Michael Masutha, the justice minister, asked Mbha what preparations he would undertake, if appointed, in anticipation of the upcoming national elections in 2019.
The appellate court judge said he would call a meeting of the other members of the court before meeting with the chairperson of the Electoral Commission to ensure that everyone was ready.
Mbha identified electoral court matters being heard in the major urban centres, rather than “where the people are” as one stumbling block to access to justice linked to the electoral processes. He suggested appointing acting judges to the Electoral court during election periods as a panacea.
April 2017 Interview
April 2017 Interview Synopsis:
A chancellor at the Ethiopian Episcopal Church, Supreme Court of Appeal Court (SCA) Judge Boissie Mbha drew laughter at the beginning of his interview when he referred to acting SCA president Mandisa Maya as “acting head of the church”.
He was quickly corrected by Chief Justice Mogoeng Mogoeng, whose previous question related to the fractious racial atmosphere at the SCA — revealed during acting SCA president Mandisa Maya’s interview for her permanent appointment — which has become the plat du jour for the commission to feast on when candidates from the appellate court have settled into the interviewee’s seat.
Mbha confirmed that “white judges sit at one end of the table [in the SCA tearoom], black judges on the other… I would sit anywhere.”
Commissioner Thandi Modise, the ANC representative from the National Council of Provinces, asked Mbha if there were any cases which had led him to “stay awake at night?”
The judge said that “one aspect that was troubling me… was whether to veer into a particular area of marriage” in relation to the Laubscher NO v Duplan and Another Constitutional Court judgment he had handed down while acting there (see Mbha profile above). He later restated why he had not “veered” into grappling with the distinction made in a previous judgment by the court, Volks v Robinson, which had discriminated against unmarried people in long-term relationships when questioned by attorney Sifiso Msomi, who is one of four presidential appointments to the JSC, about media criticism of the judgment.
Mbha told the commission that he did not believe judges should address public events on “general social issues” and should rather speak through their judgments.

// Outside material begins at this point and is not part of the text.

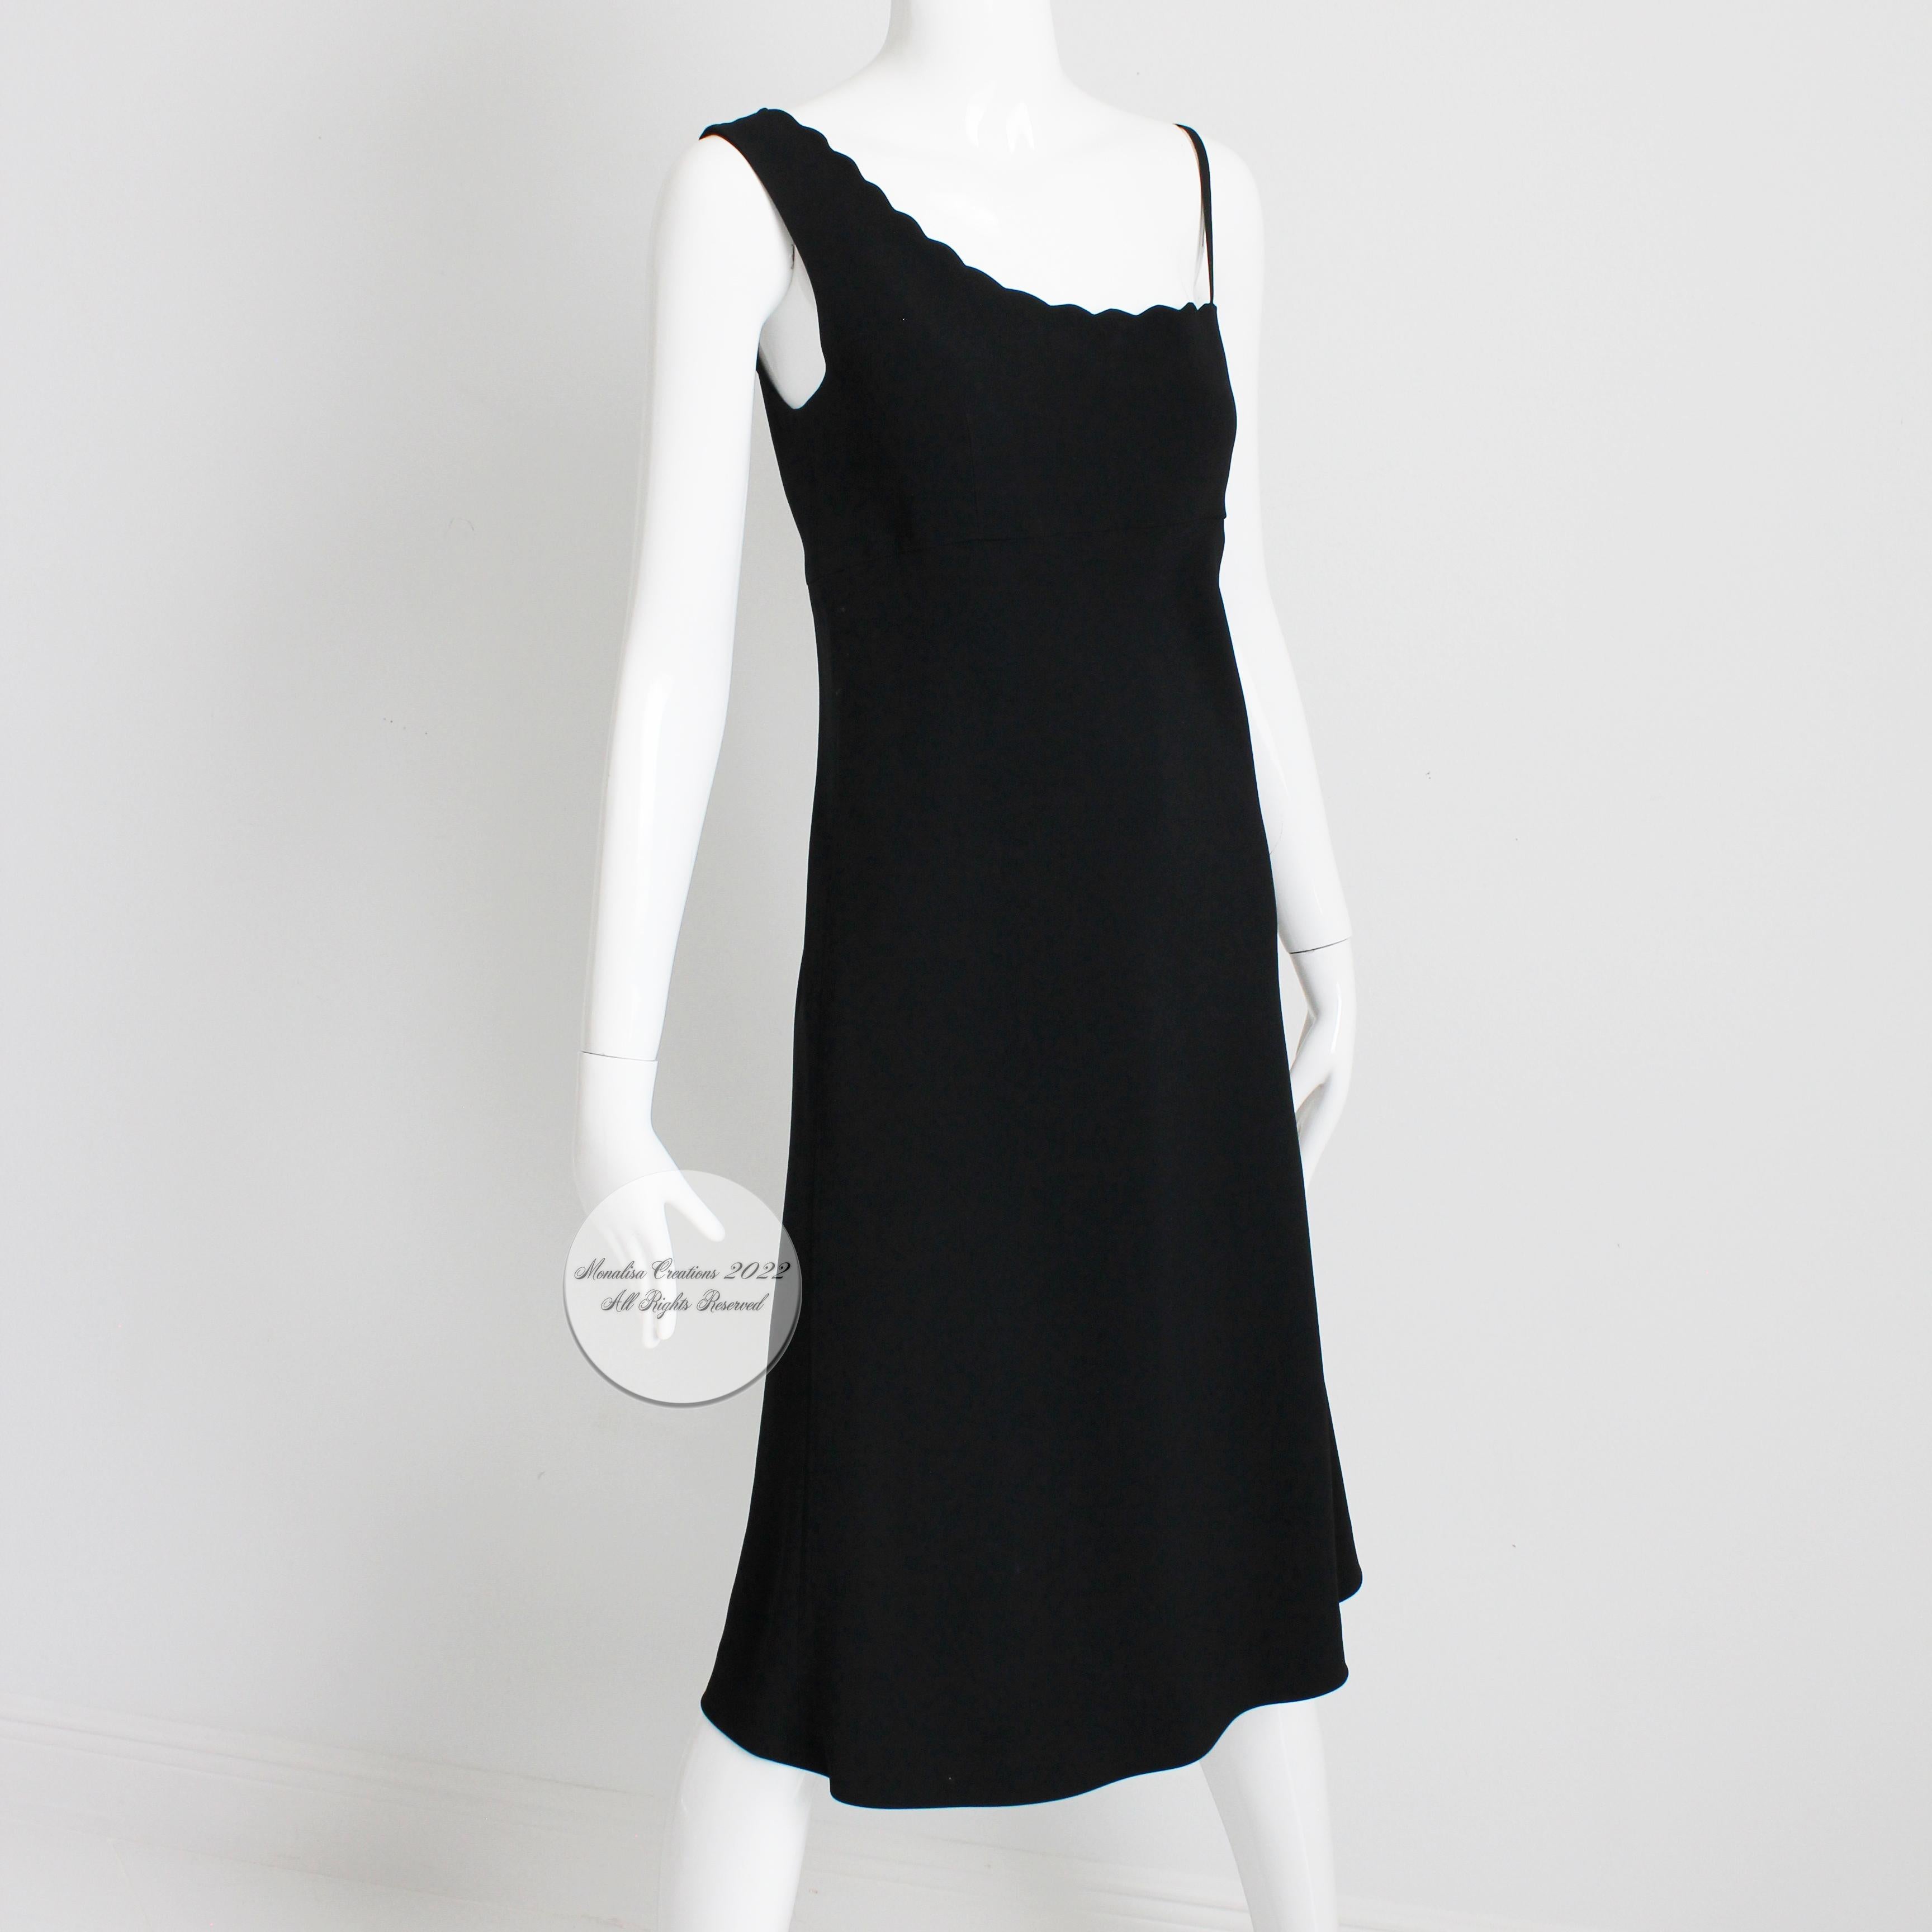 Sonia Rykiel Dress One Shoulder Scallop Collar Little Black Dress Vintage 90s  1

He was asked to explain his understanding of the separation of powers doctrine and later his definitions of “government” and “state”. Mbha said the state included the “government, the country and its people” while “government is about governance”. When pushed on his answer, Mbha stood by it, insisting to commissioner Julius Malema of the Economic Freedom Fighters, that “I have answered your question.” This led Malema to sneeringly end his questioning with: “Thank you, a judge of the Supreme Court of Appeal.”